TASK OBJECTIVE >>
Exact retyping of the data: please keep every word and drop each picture.

---------- DATA SHOWN

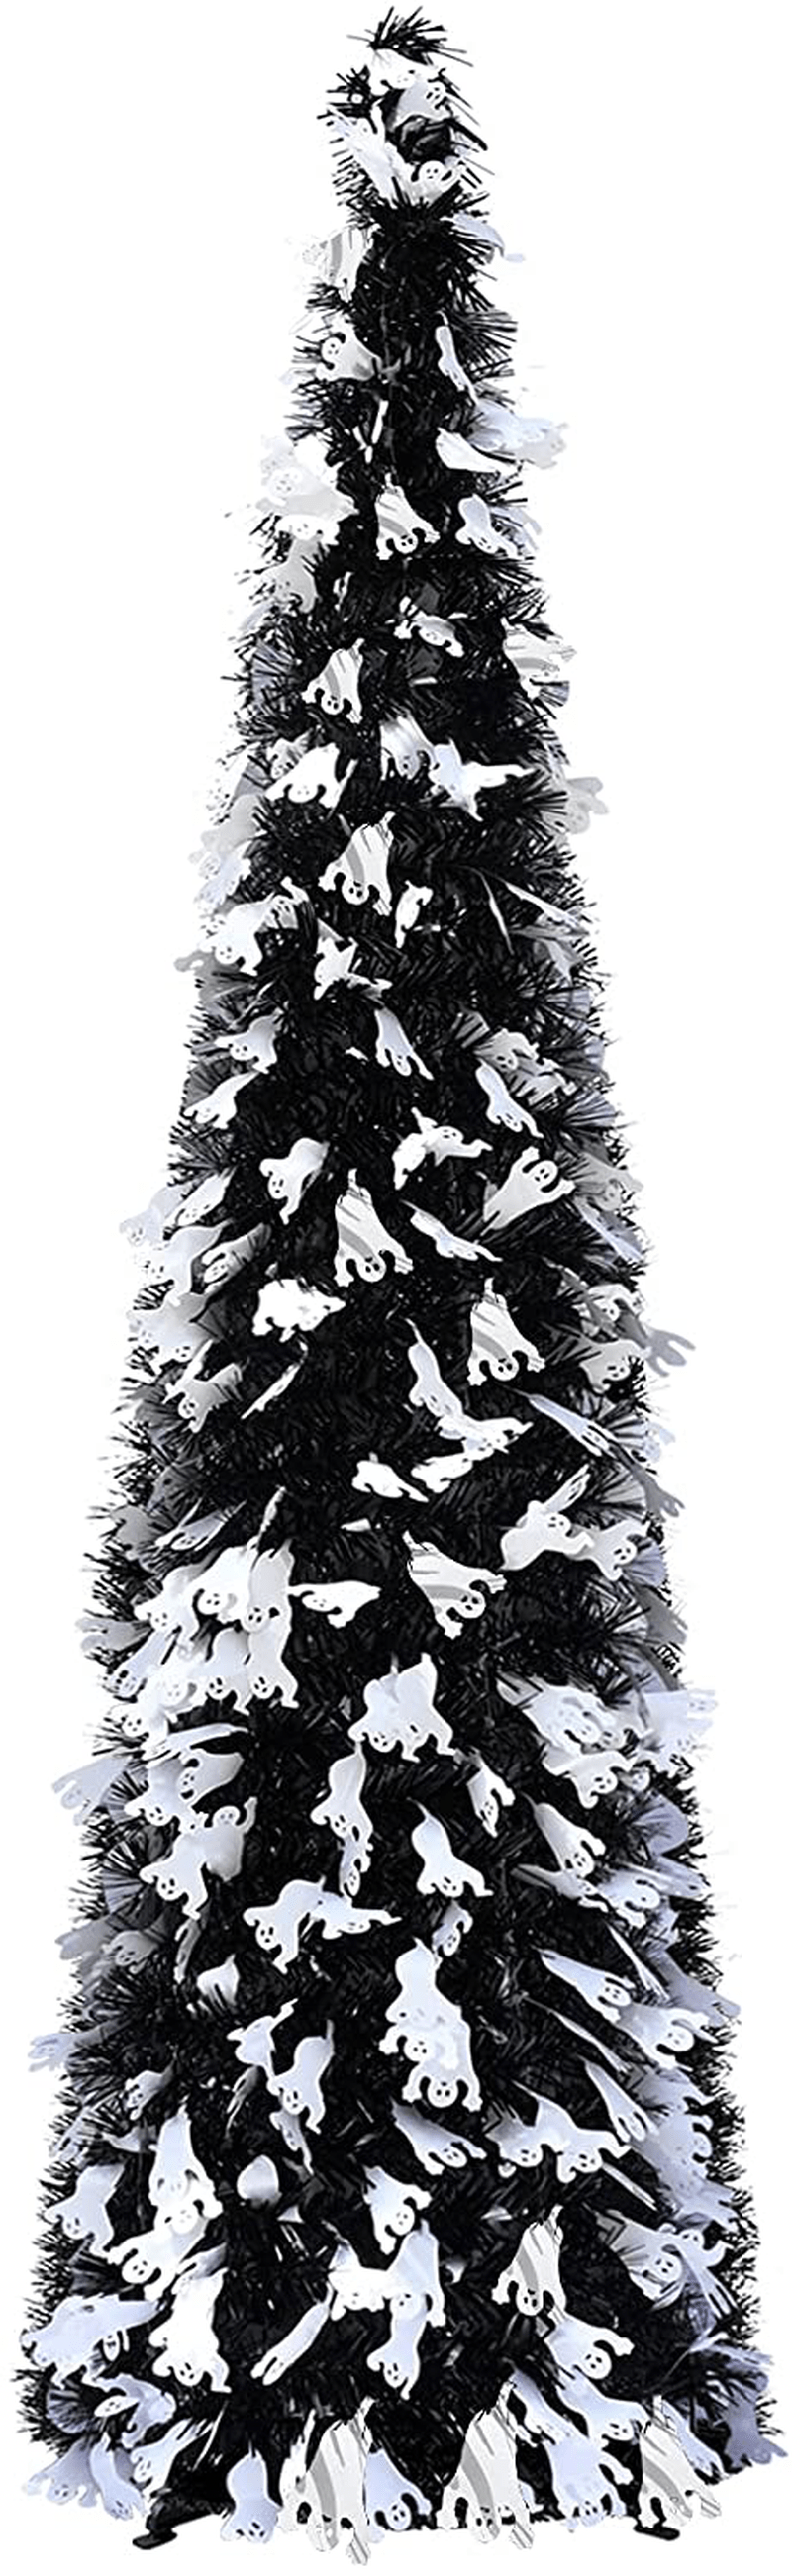 5' Pop Up Halloween Christmas Thin Tree Collapsible with Easy-Assembly Stand for Xmas Halloween Holiday Home, Office, Classroom Party Display. Black Tinsel Trees with Ghost Sequins
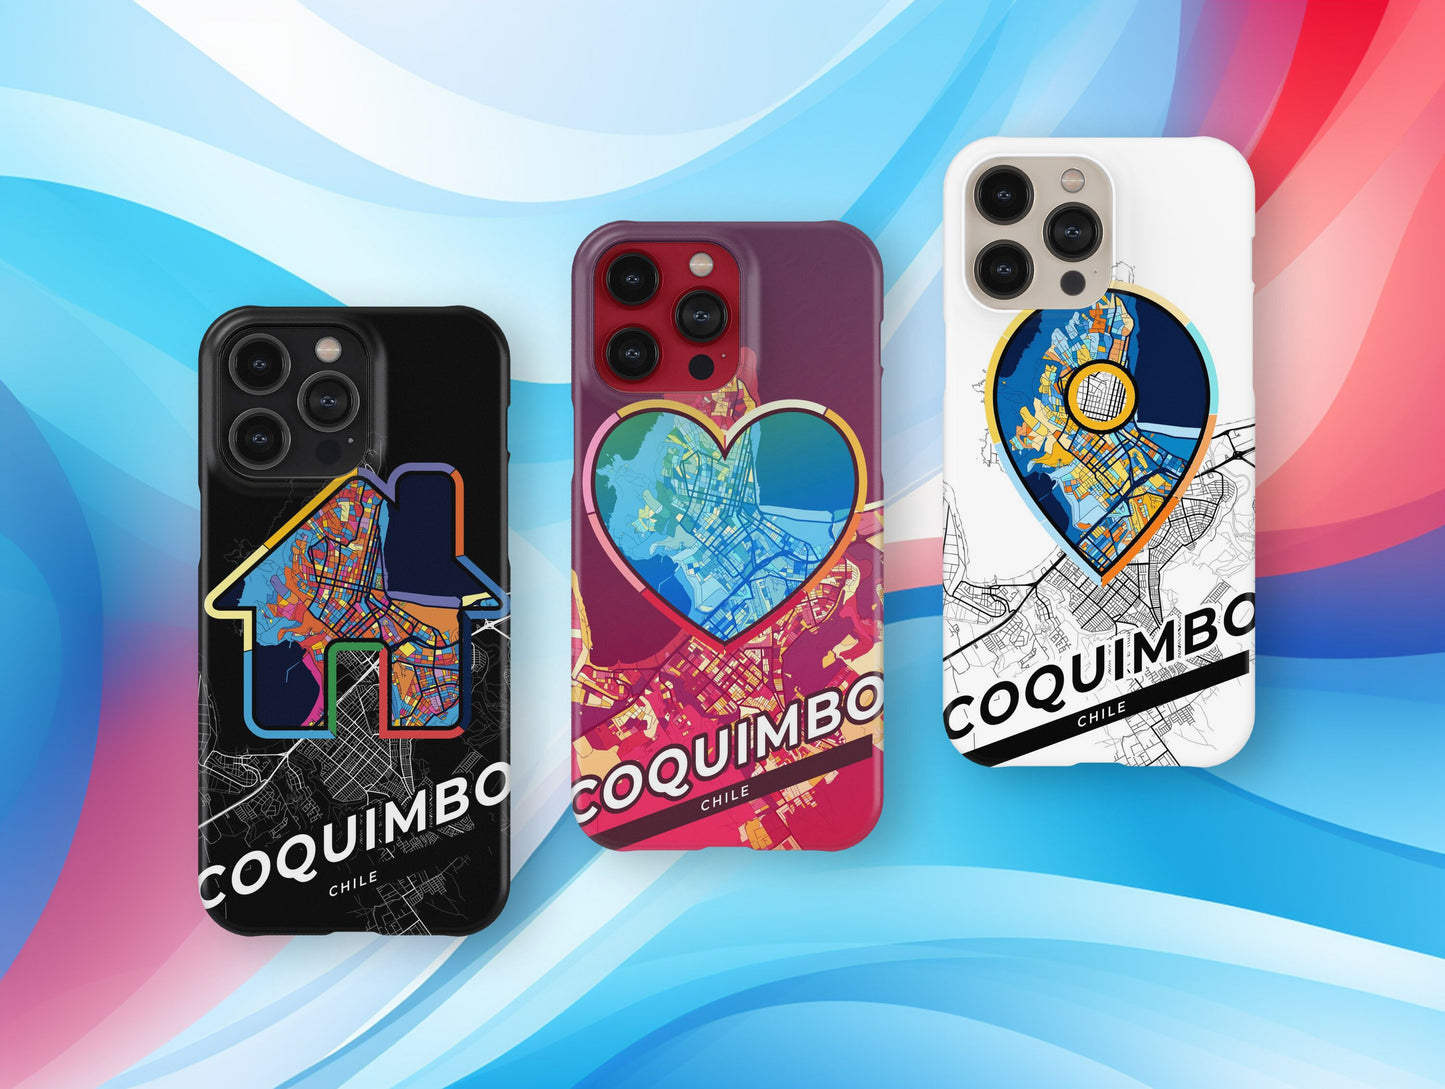 Coquimbo Chile slim phone case with colorful icon. Birthday, wedding or housewarming gift. Couple match cases.
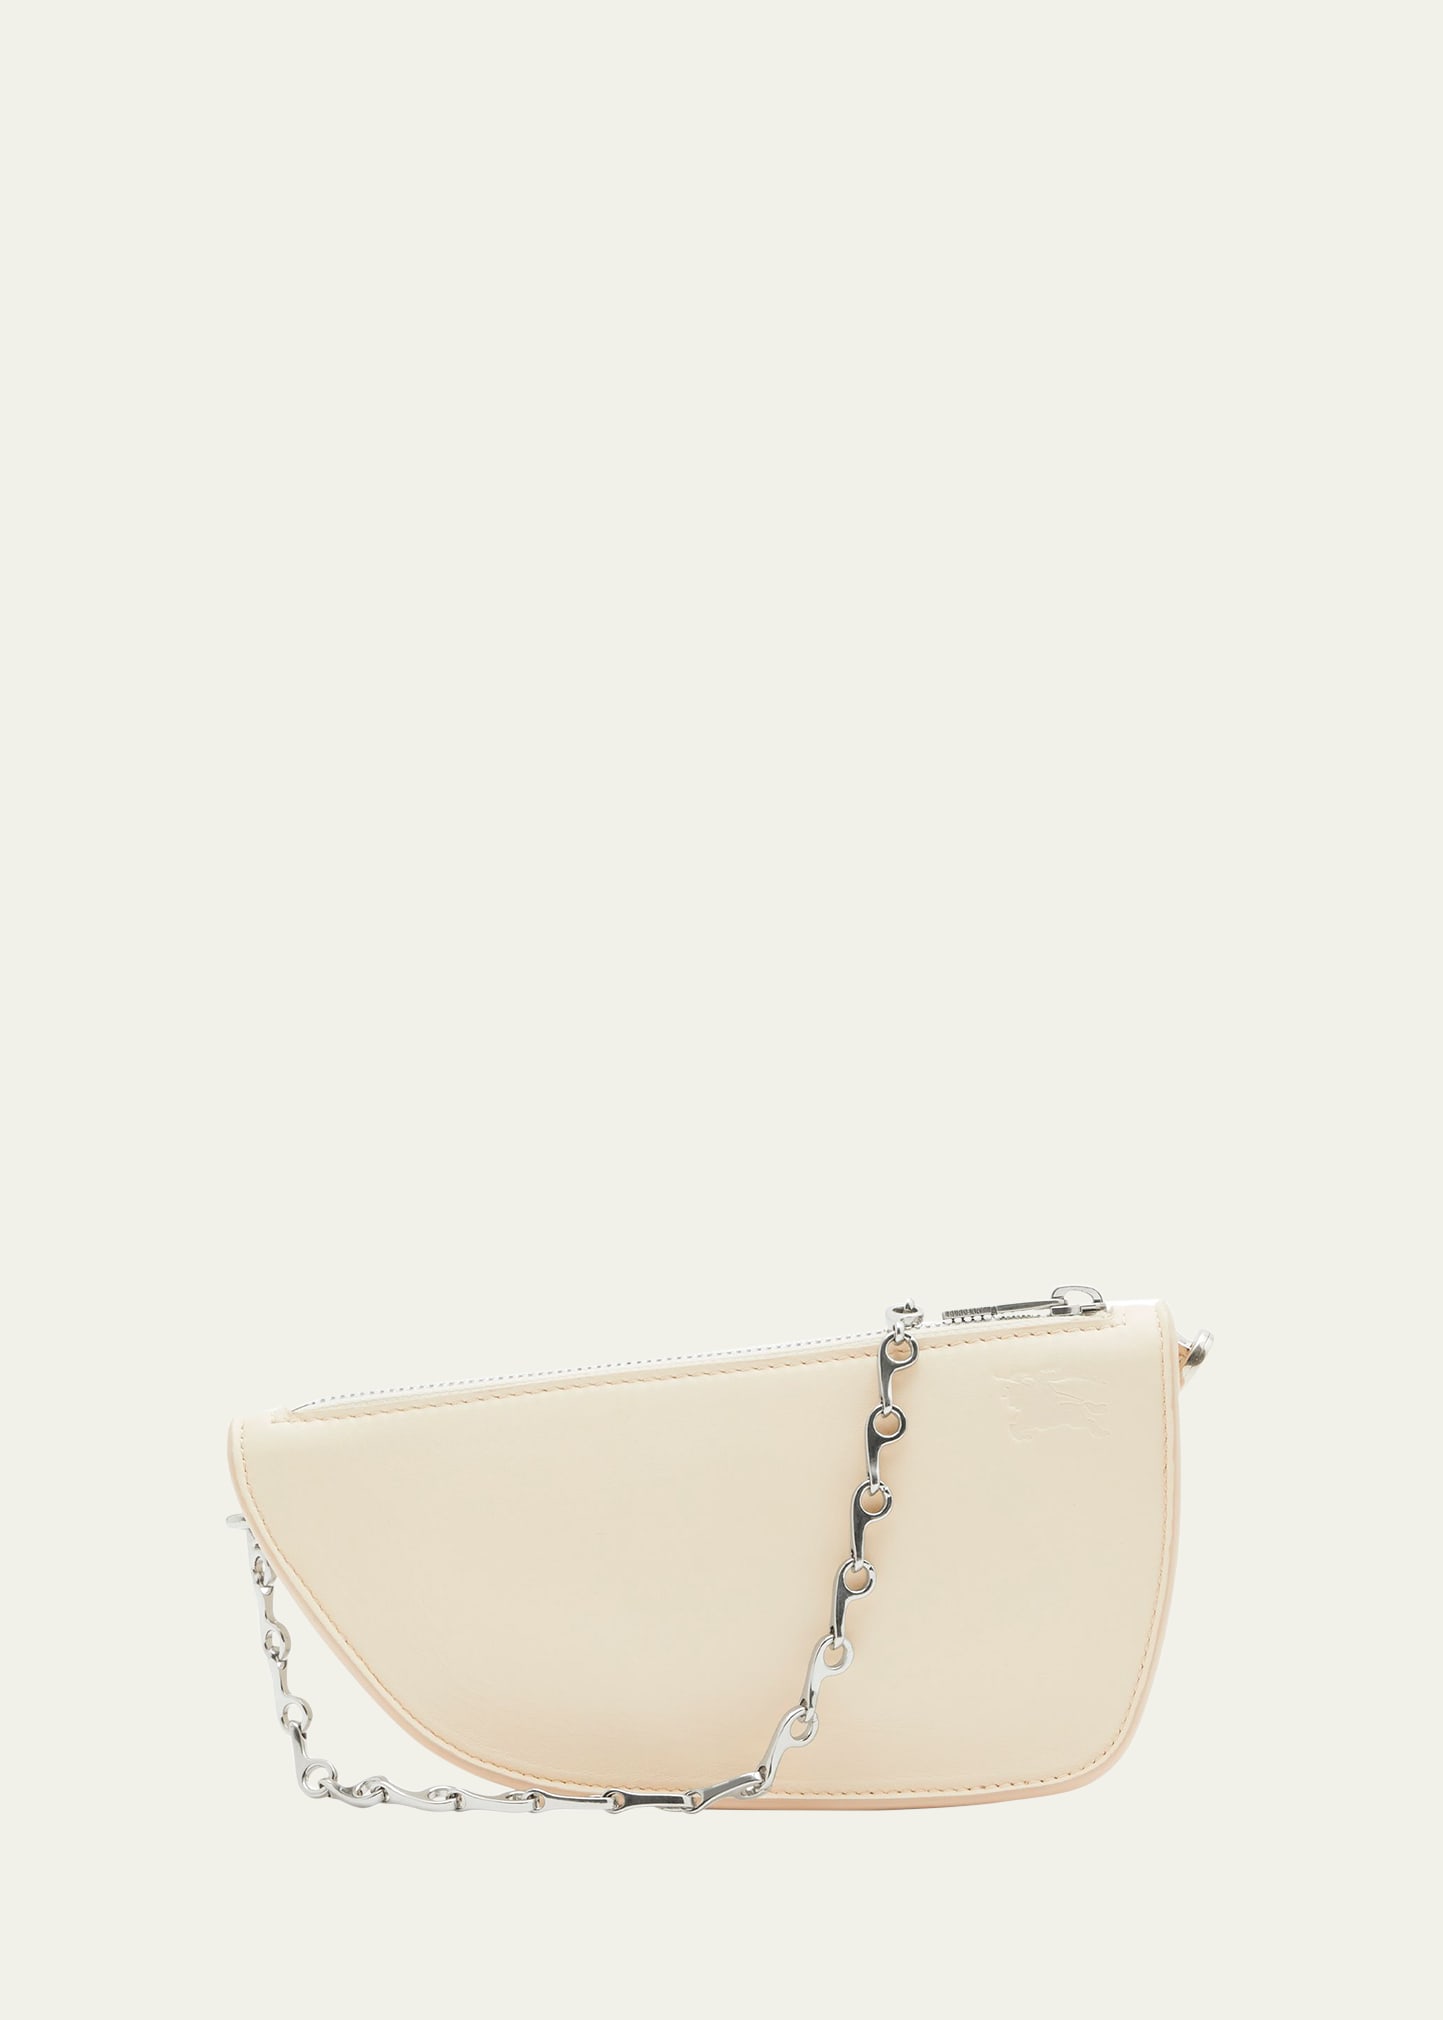 Burberry Micro Shield Leather Shoulder Bag

--------------------

WRITTEN ANSWER >>
 5' Pop Up Halloween Christmas Thin Tree Collapsible with Easy-Assembly Stand for Xmas Halloween Holiday Home, Office, Classroom Party Display. Black Tinsel Trees with Ghost Sequins
 Coquimbo Chile slim phone case with colorful icon. Birthday, wedding or housewarming gift. Couple match cases.
 Burberry Micro Shield Leather Shoulder Bag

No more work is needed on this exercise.